• _DATA SEGMENT_

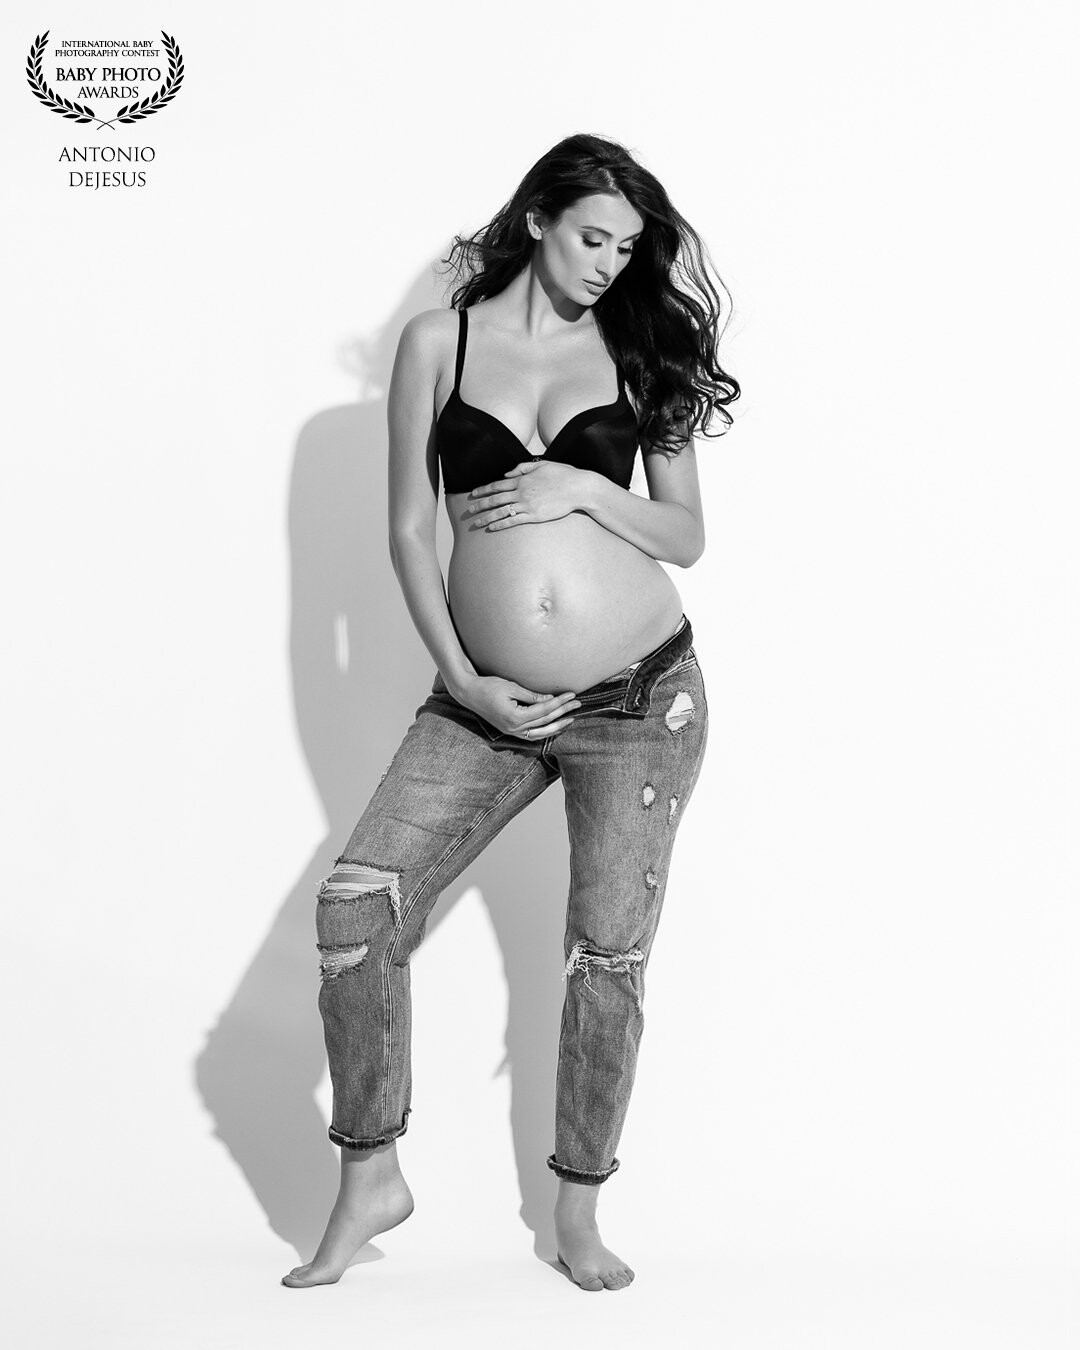 A mother expecting her second baby boy with an editorial high-key look! The black brazier and designer jeans is a great way to showcase the beauty can be casual.
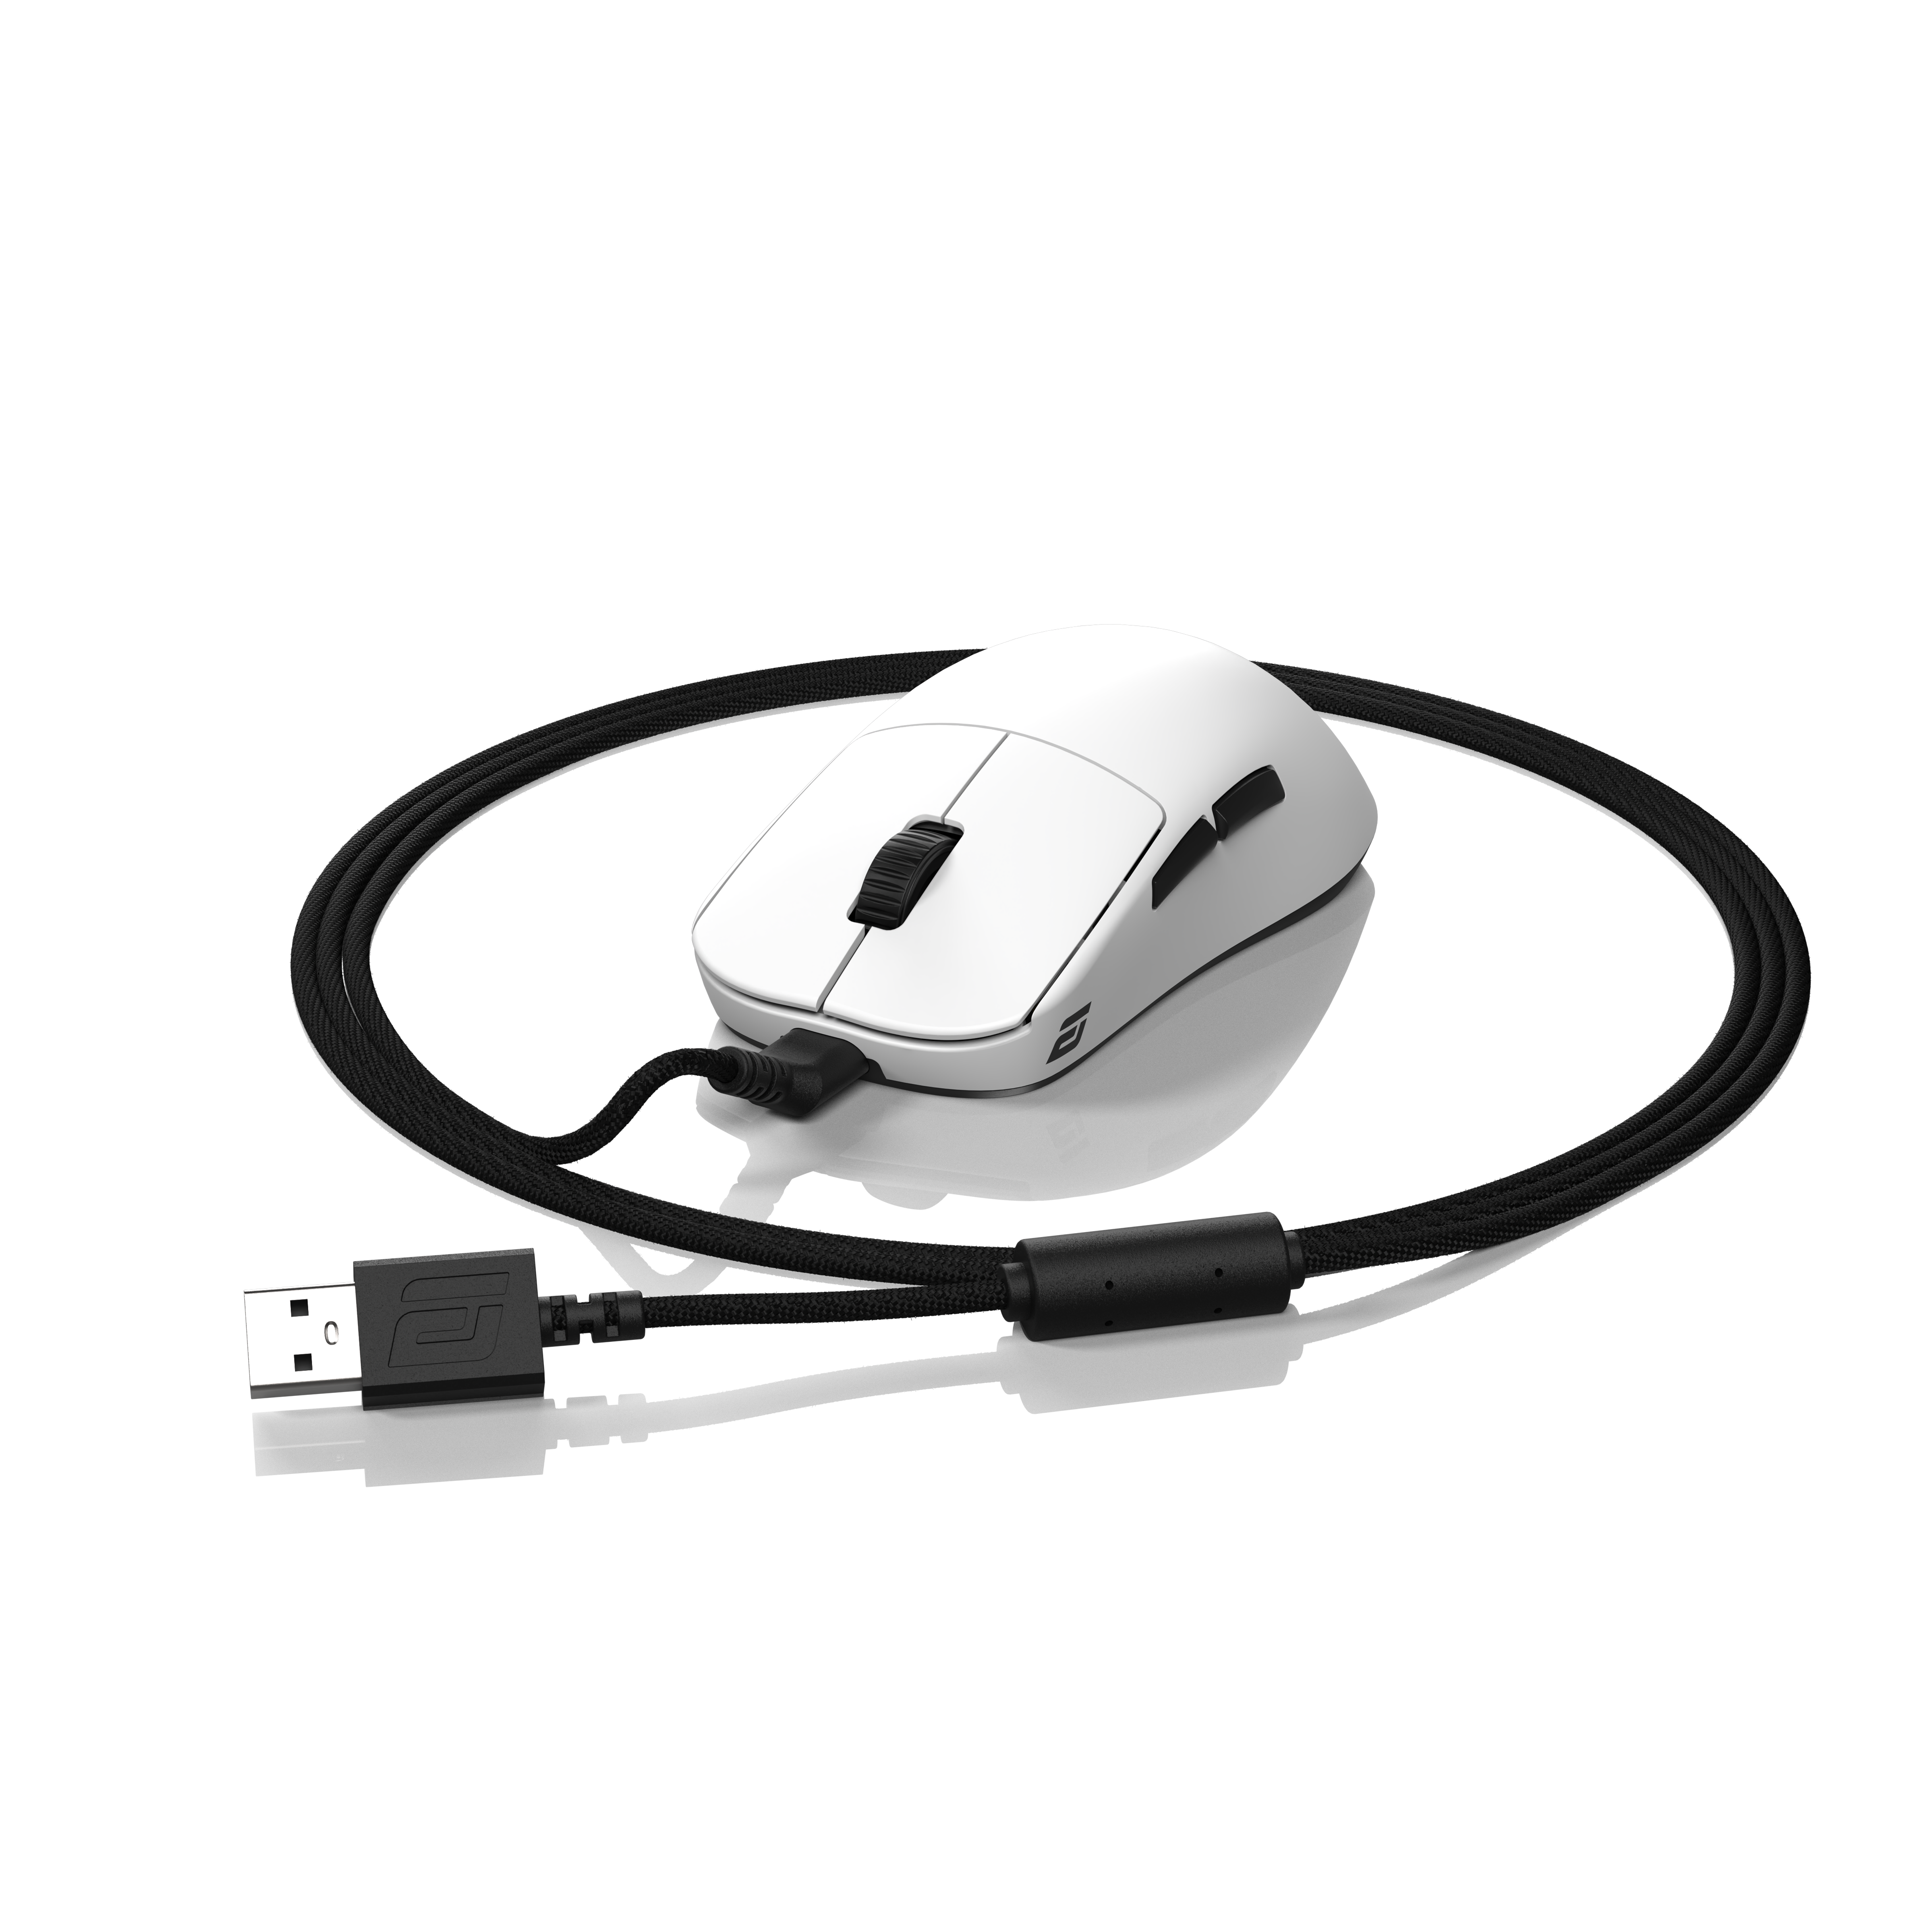 endgame-gear - OP1we Gaming Mouse - White
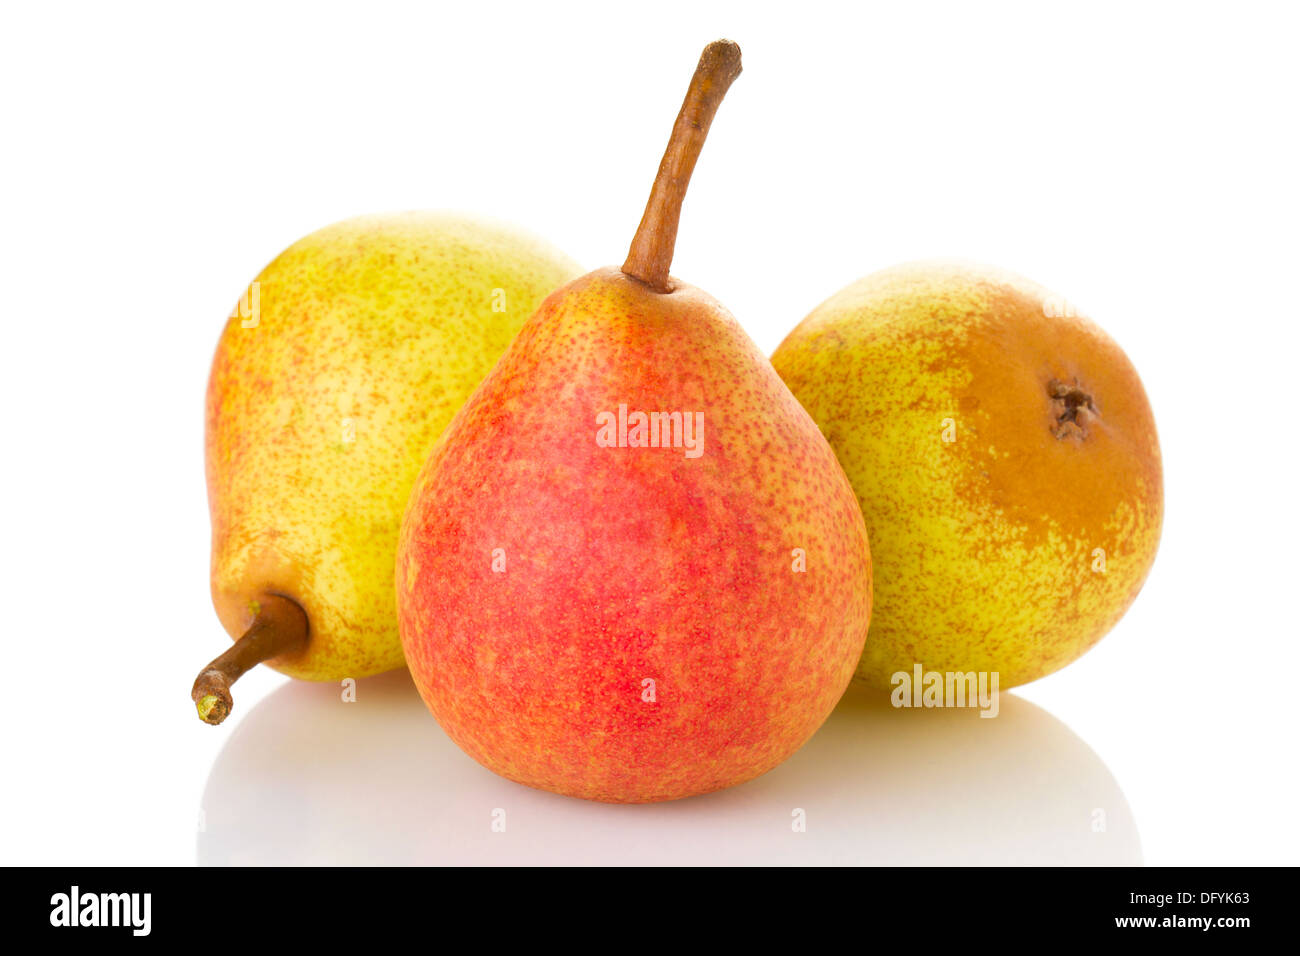 Three ripe pears isolated on white background Stock Photo

• _WHAT YOU HAVE TO DO_
Could the data above be repeated exactly, with every picture dropped?

• _TASK OUTPUT_
 A mother expecting her second baby boy with an editorial high-key look! The black brazier and designer jeans is a great way to showcase the beauty can be casual.
 endgame-gear - OP1we Gaming Mouse - White
 Three ripe pears isolated on white background Stock Photo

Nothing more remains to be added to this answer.